Кажется, даже его дыхание несёт животной сытой похотью с едкой раздражающей примесью женских духов.
– Я не знала, что ты любишь, поэтому...
– Поэтому поставила на стол букет вербы, – заканчивает Драгош, приперев меня к стене. – Скажи, я похож на козла?
– Нет.
– Нет, – сжав мою руку, он проводит ею по своим скулам, царапая ладонь свежей щетиной. – И мне так кажется. Ни бороды, ни копыт. Может, я что-то упускаю? – горячие губы обжигают кожу на запястье, разбирая на атомы жалкие остатки былого самообладания. – Например, рога? Что скажешь, Рада?
– Скажу, что тебе нужно проспаться, – вариант показаться психиатру решено придержать при себе.
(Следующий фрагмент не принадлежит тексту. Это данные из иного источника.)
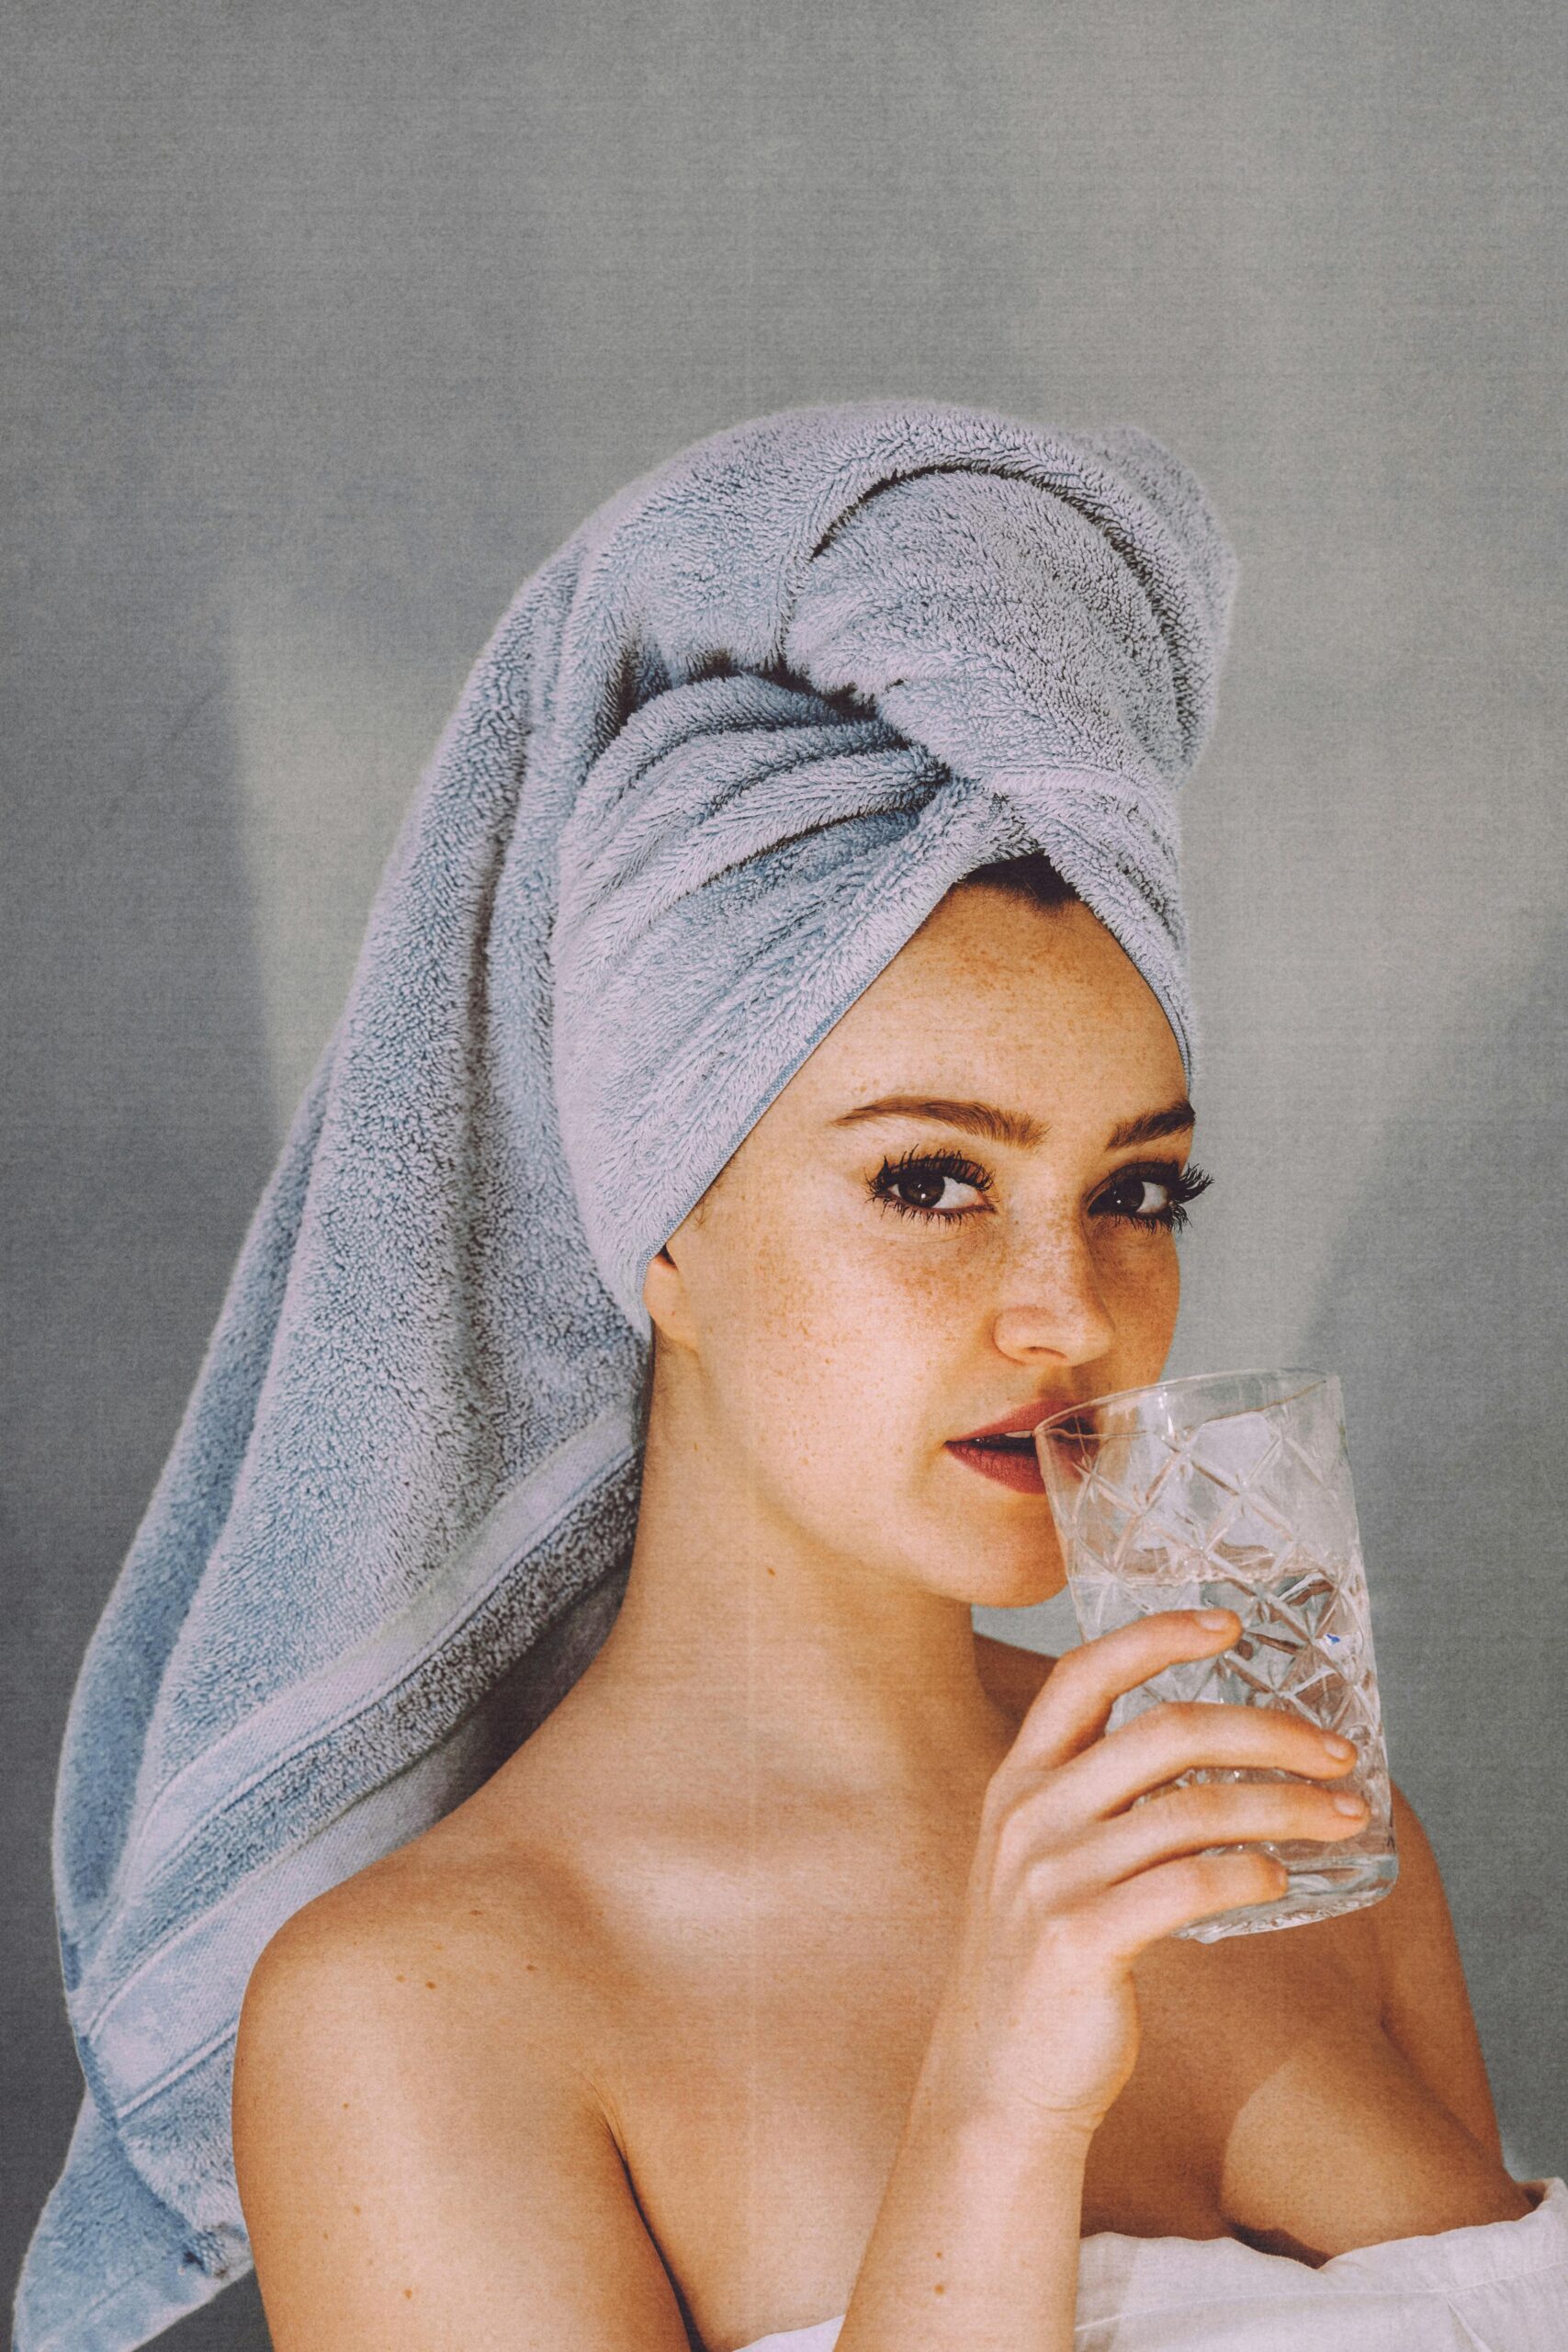 What Is The Most Effective Acne Treatment?

Я всё ещё не теряю надежды уделать Зару.
Но вся моя решимость разваливается по мере принудительного движения собственной руки по его грудной клетке и ниже, вдоль напрягшегося под джемпером пресса к пряжке ремня. От мысли, что его одежда, весь он с ног до головы, а теперь и моя ладонь пропитаны запахом другой женщины, накатывают спазмы отвращения. Однако попытка вырваться лишь ухудшает положение: теперь обе моих кисти заведены за спину, а Драгош резко берёт меня двумя пальцами за подбородок.
– Ух ты, реснички накрасила, – бормочет он с таким злым торжеством, словно поймал меня на краже своей туши, и слабый возглас непонимания тонет в волне его нездорового смеха. – Волосы красиво заплела, кофту надела с вырезом, – скользнув пальцами вниз по шее, медленно проводит ими по груди, отчего та вмиг покрывается гусиной кожей. Чувствую себя вымазанной в грязи. – Расскажешь, для кого марафет?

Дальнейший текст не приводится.